▶ TASK DESCRIPTION:
Apart from the pictures, reproduce the data below exactly as it stands.

▶ SOURCE DATA:
- - -
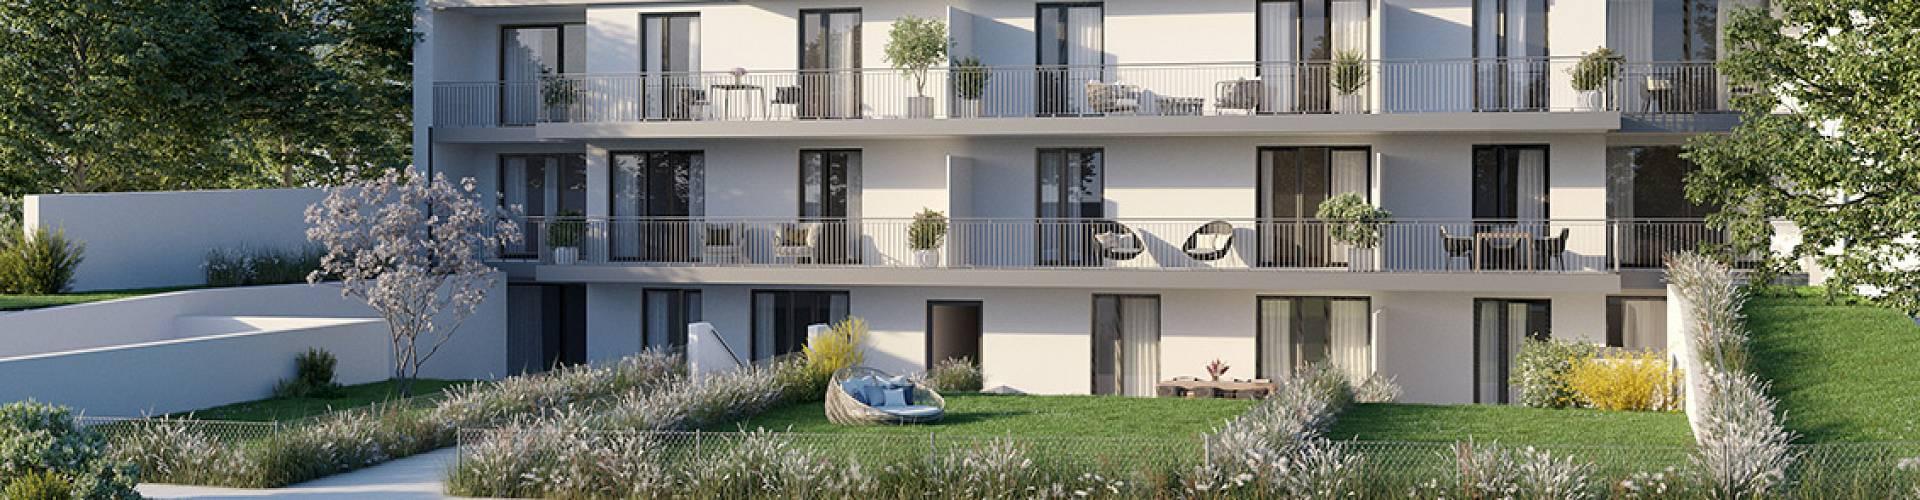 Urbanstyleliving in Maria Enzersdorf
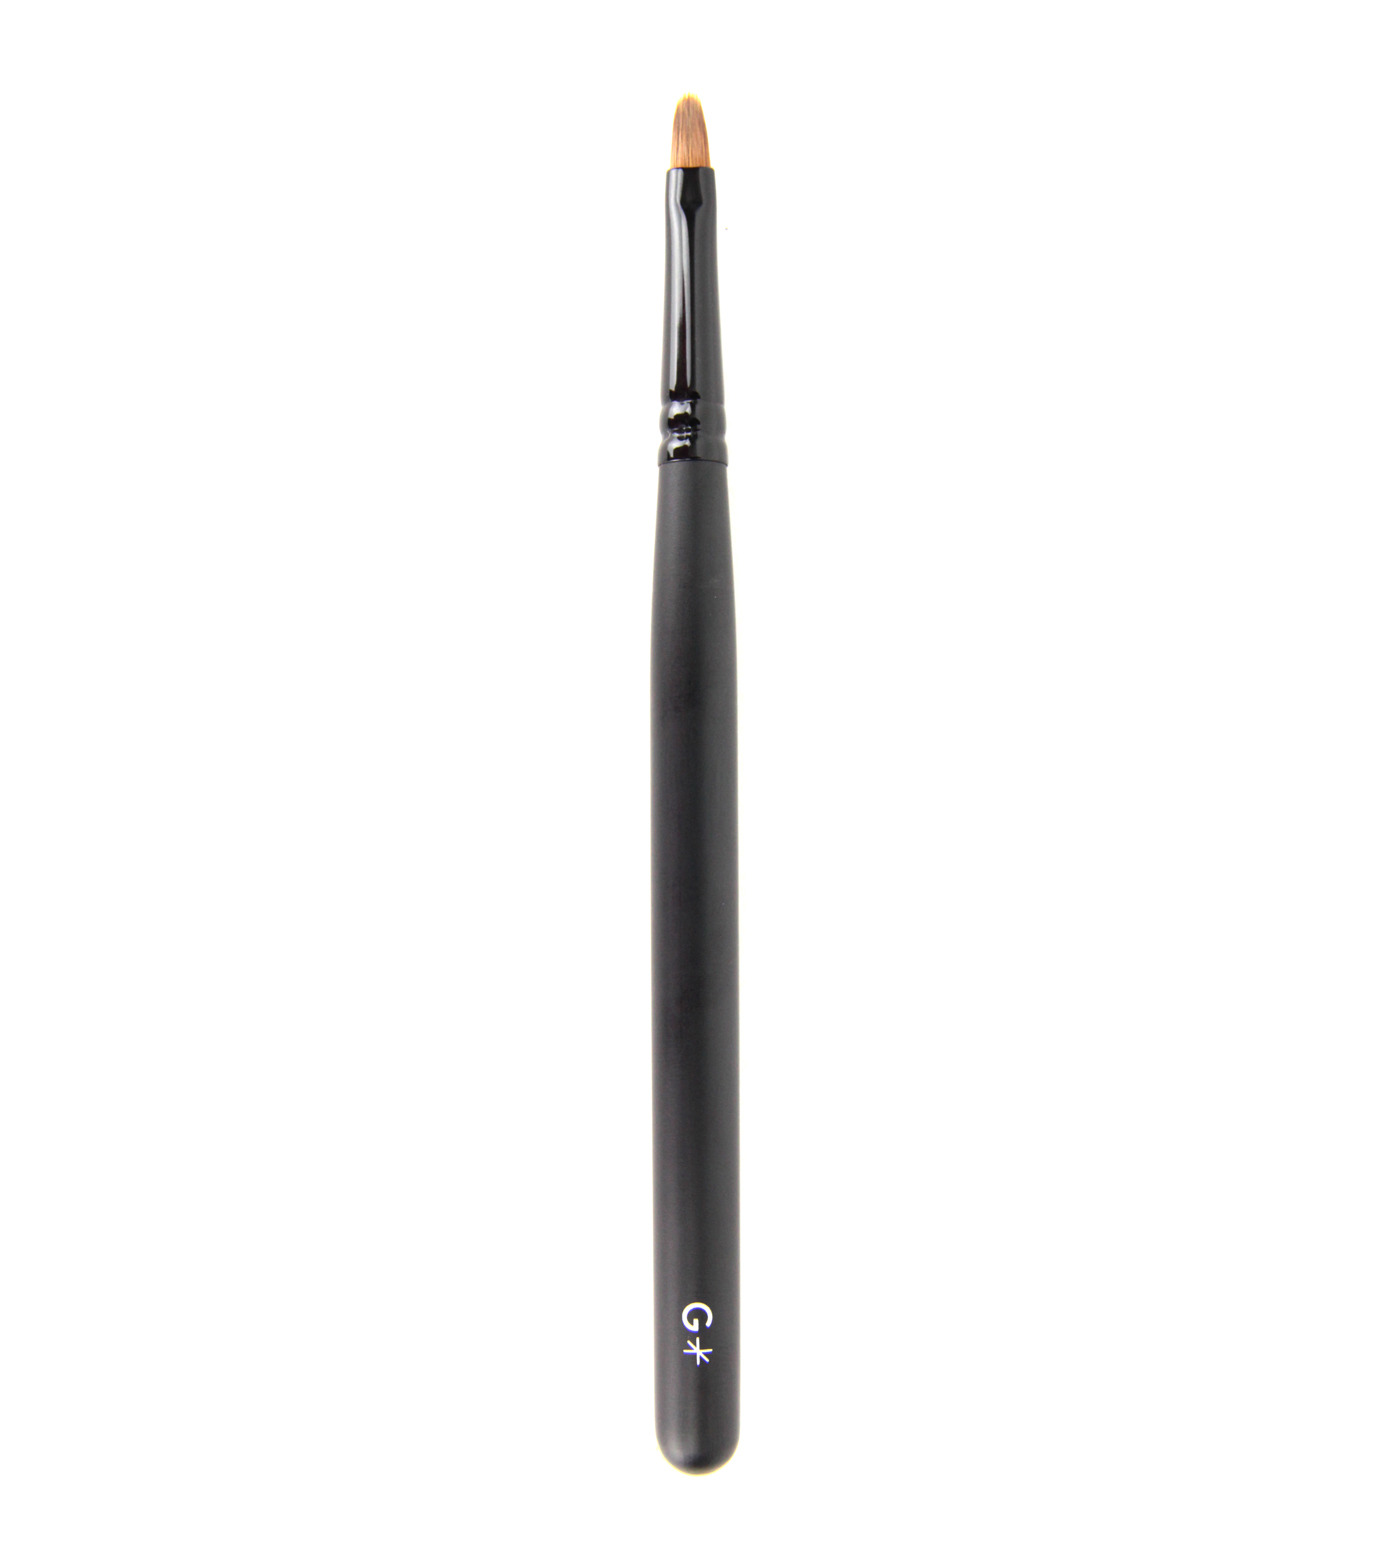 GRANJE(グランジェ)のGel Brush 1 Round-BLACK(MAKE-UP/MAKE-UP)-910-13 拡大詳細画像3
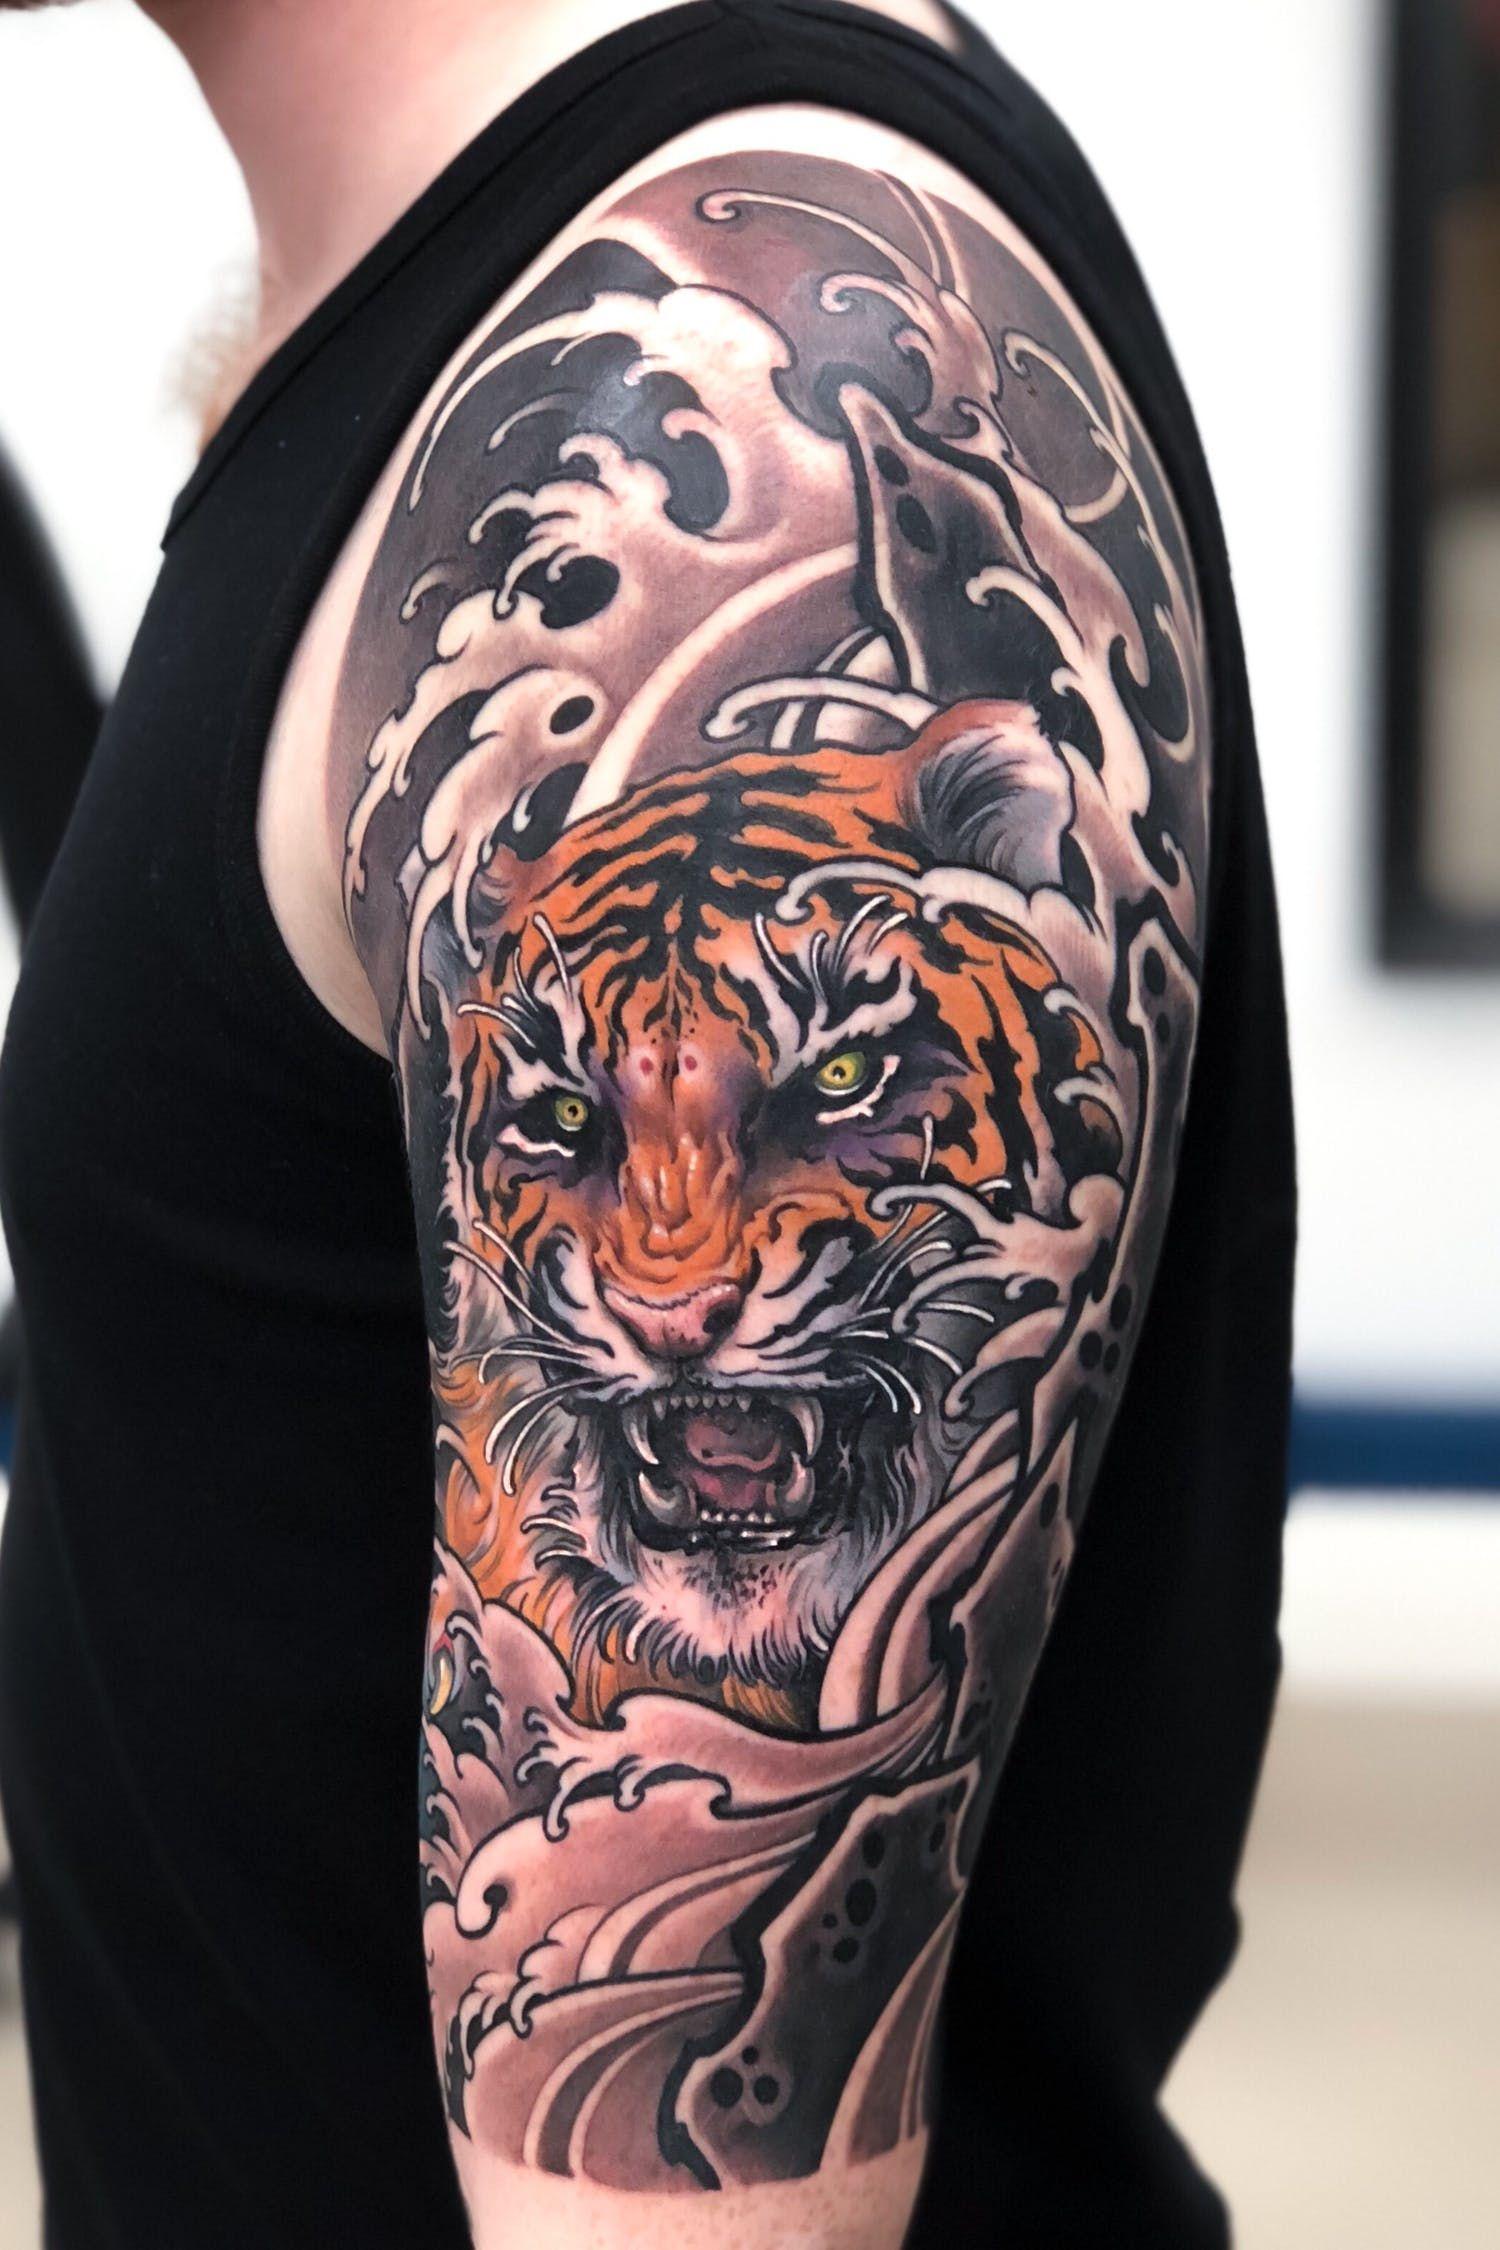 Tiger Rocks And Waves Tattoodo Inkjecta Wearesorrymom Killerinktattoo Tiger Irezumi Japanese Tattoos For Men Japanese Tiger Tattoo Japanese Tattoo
- - -
▶ WRITTEN ANSWER:
 Urbanstyleliving in Maria Enzersdorf
 GRANJE(グランジェ)のGel Brush 1 Round-BLACK(MAKE-UP/MAKE-UP)-910-13 拡大詳細画像3
 Tiger Rocks And Waves Tattoodo Inkjecta Wearesorrymom Killerinktattoo Tiger Irezumi Japanese Tattoos For Men Japanese Tiger Tattoo Japanese Tattoo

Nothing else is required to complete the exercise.